The current petitions come to us in an interlocutory posture. The Court of Appeals remanded the case to the District Court to fashion an appropriate remedy, and, in doing so, the Court of Appeals emphasized that its decision “d[id] not mean that the Memorial could not be modified to pass constitutional muster [or] that no cross can be part of [the Memorial].” 629 F. 3d, at 1125. Because no final judgment has been rendered and it remains unclear precisely what action the Federal Government will be required to take, I agree with the Court’s decision to deny the petitions for certiorari.
"Interlocutory Posture" has this precise legal meaning " A temporary order issued during the course of litigation" which since the particular litigation of the appeals court was long completed is used figuratively. And in reality, no litigation is ever over. New evidence may be uncovered, new court decisions may intervene, the mandated order may not be followed.......His mentioning further petitions to the Supreme Court implies that this is the exception showing the central issue is still open.

 The court of appeals decision was interpreted by the defendants, the Department of Defense, who now owns the site, as represented by this DOJ brief, along with an Amicus Brief representing thirty four of the congressional sponsors of the relevant law, as being perfectly ripe, that the pending decision of the ninth circuit was definitive as to the gravaman of the case, that the latin Cross that is now the singular element of the memorial, must not remain.  Every group that urged retaining the the cross argued that certiorari be granted.

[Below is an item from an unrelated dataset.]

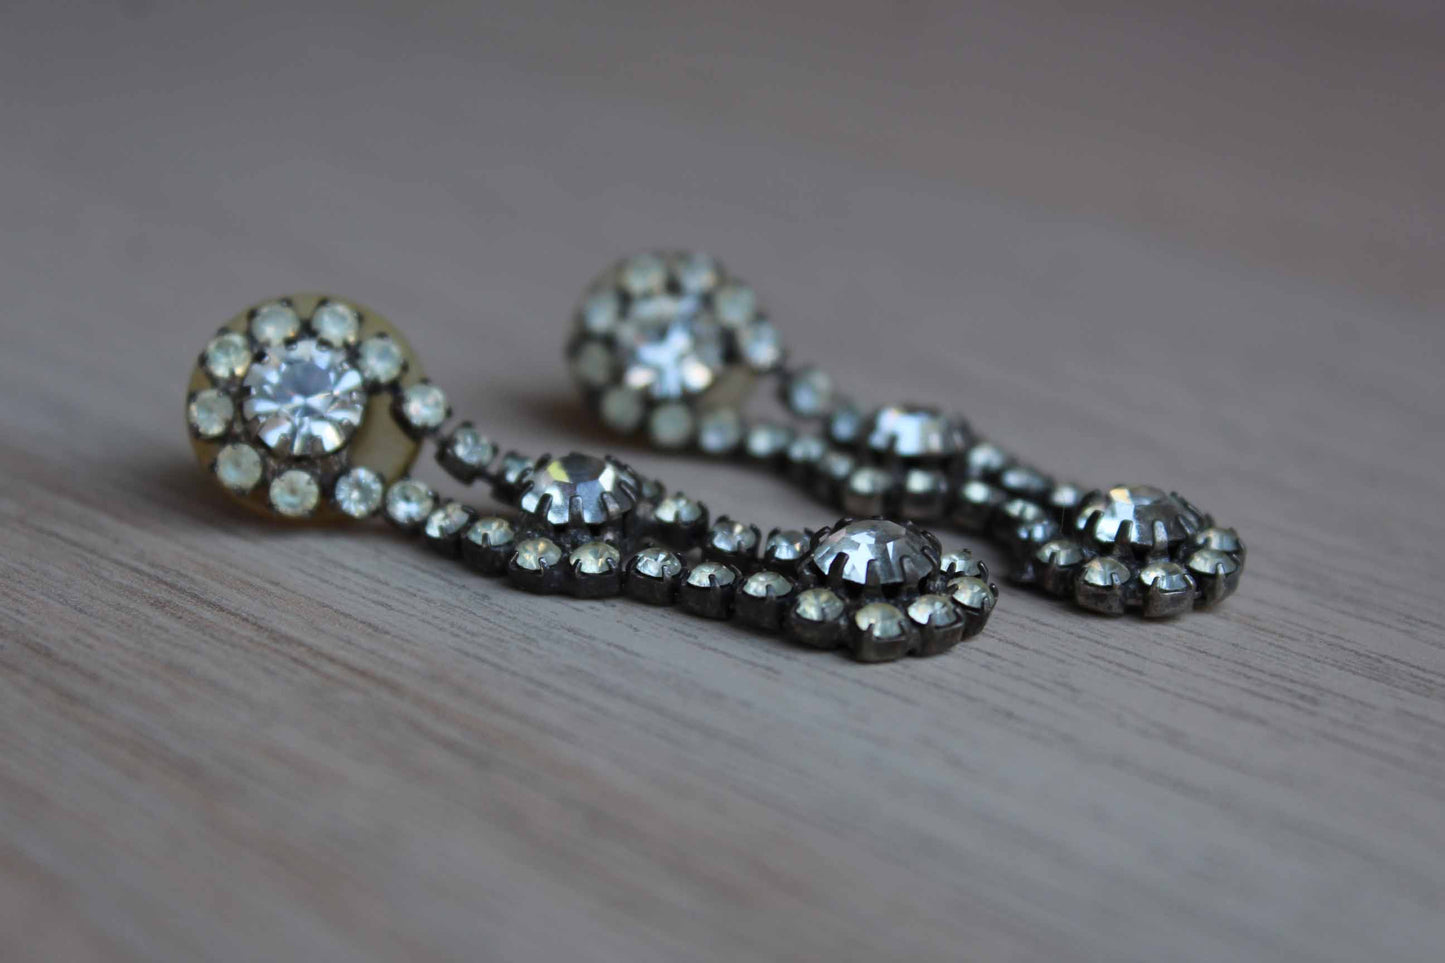 Pierced Silver Prong-Set Rhinestone Drop Earrings

 The exact words of the order by Judge Keown, author of the unanimous ninth court of appeals decision is:

We reverse the grant of summary judgment to the government and remand for entry of summary judgment in favor of the Jewish War Veterans and for further proceedings consistent with this opinion. REVERSED AND REMANDED

"further proceeding consistent with this opinion" does not mean that the district court shall design and impose on the parties to the litigation its own substitute memorial. It is an order, a precise order for an open process to reach a consensus "consistent with this opinion"  Alito is willfully misreading the order of the appeals court, and his colleagues. 

Since the first order by a Federal District Court Judge in 1991 that the cross was unconstitutional, every possible ploy has been used to subvert that one, and all of the decisions that followed. With the announcement of denial of certiorari on June 25, 2012, after twenty one years, one Jurist, Samuel Alito, by casting doubt on the definitive nature of this Supreme Court action finds another way to undermine juridical authority .  Based on letters to the editor to the major daily newspaper, the very one that had stoked resistance to removing the cross for decades, the public sentiment is turning around to accept what the ninth circuit has mandated and the Supreme Court affirmed-that the Cross should be replaced.

Samuel Alito's casting doubt on the definitive nature of these recent actions by federal courts of appeal should be condemned for conflating of personal advocacy with the administration of justice. It represents the debasement of our courts and worse, it has the effect of fomenting the very internecine hatred that the establishment clause of the constitution was crafted to prevent.


J. Alito's Statement (also linked in text)  on denial of cert  6/25/2012 page 18 - 20

J. Alito's Statement on denial of cert  6/30/14 page 11 of 11

 City of Greece v. Galoway

This was a case very similar to the above, on the fine points of establishment law applying to prayer at a city council meeting.   And like the above, the appeals court remanded the case to the district court with instructions to limit overt preference for Christianity.  This time the court did grant cert, even though the case was in the same "Interlocutory Posture"as the Soledad Cross case that they rejected.  My conclusion, is that Alito's explanation, being the same for both cases, could not have been the reason for denial, rather the tradition explanation that it reflected agreement with the appeals court is supported.  Alito letter can only be understood as further delaying a final decision that has gone over two decades.